__WORKING DATA__
§

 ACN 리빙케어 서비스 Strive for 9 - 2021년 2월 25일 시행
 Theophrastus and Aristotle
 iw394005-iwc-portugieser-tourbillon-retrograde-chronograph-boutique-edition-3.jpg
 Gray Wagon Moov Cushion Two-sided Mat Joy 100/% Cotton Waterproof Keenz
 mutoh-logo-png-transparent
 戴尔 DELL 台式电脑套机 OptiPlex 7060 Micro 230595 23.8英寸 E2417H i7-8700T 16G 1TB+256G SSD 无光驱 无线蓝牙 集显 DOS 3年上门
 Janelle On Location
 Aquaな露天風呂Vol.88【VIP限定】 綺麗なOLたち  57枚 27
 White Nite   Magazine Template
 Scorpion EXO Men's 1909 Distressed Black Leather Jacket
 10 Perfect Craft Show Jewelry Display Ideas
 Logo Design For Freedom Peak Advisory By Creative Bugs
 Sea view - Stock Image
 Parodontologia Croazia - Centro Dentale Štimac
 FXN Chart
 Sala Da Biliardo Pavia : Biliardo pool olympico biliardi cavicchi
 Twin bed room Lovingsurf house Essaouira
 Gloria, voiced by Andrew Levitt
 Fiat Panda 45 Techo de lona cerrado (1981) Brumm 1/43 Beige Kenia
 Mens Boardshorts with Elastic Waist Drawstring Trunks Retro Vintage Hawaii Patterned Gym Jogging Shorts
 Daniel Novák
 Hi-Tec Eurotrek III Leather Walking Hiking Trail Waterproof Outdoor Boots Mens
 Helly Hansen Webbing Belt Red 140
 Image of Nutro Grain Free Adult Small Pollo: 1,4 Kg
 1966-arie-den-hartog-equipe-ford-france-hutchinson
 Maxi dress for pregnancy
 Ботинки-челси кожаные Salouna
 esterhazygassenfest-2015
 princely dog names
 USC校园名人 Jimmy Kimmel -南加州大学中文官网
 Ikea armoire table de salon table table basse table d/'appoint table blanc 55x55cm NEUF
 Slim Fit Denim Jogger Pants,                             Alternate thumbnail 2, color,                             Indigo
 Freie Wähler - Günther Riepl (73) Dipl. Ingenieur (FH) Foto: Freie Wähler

§

__EXERCISE__
Go through the data and retype all of it exactly.

__ANSWER FOR THE TASK__
 ACN 리빙케어 서비스 Strive for 9 - 2021년 2월 25일 시행
 Theophrastus and Aristotle
 iw394005-iwc-portugieser-tourbillon-retrograde-chronograph-boutique-edition-3.jpg
 Gray Wagon Moov Cushion Two-sided Mat Joy 100/% Cotton Waterproof Keenz
 mutoh-logo-png-transparent
 戴尔 DELL 台式电脑套机 OptiPlex 7060 Micro 230595 23.8英寸 E2417H i7-8700T 16G 1TB+256G SSD 无光驱 无线蓝牙 集显 DOS 3年上门
 Janelle On Location
 Aquaな露天風呂Vol.88【VIP限定】 綺麗なOLたち  57枚 27
 White Nite   Magazine Template
 Scorpion EXO Men's 1909 Distressed Black Leather Jacket
 10 Perfect Craft Show Jewelry Display Ideas
 Logo Design For Freedom Peak Advisory By Creative Bugs
 Sea view - Stock Image
 Parodontologia Croazia - Centro Dentale Štimac
 FXN Chart
 Sala Da Biliardo Pavia : Biliardo pool olympico biliardi cavicchi
 Twin bed room Lovingsurf house Essaouira
 Gloria, voiced by Andrew Levitt
 Fiat Panda 45 Techo de lona cerrado (1981) Brumm 1/43 Beige Kenia
 Mens Boardshorts with Elastic Waist Drawstring Trunks Retro Vintage Hawaii Patterned Gym Jogging Shorts
 Daniel Novák
 Hi-Tec Eurotrek III Leather Walking Hiking Trail Waterproof Outdoor Boots Mens
 Helly Hansen Webbing Belt Red 140
 Image of Nutro Grain Free Adult Small Pollo: 1,4 Kg
 1966-arie-den-hartog-equipe-ford-france-hutchinson
 Maxi dress for pregnancy
 Ботинки-челси кожаные Salouna
 esterhazygassenfest-2015
 princely dog names
 USC校园名人 Jimmy Kimmel -南加州大学中文官网
 Ikea armoire table de salon table table basse table d/'appoint table blanc 55x55cm NEUF
 Slim Fit Denim Jogger Pants,                             Alternate thumbnail 2, color,                             Indigo
 Freie Wähler - Günther Riepl (73) Dipl. Ingenieur (FH) Foto: Freie Wähler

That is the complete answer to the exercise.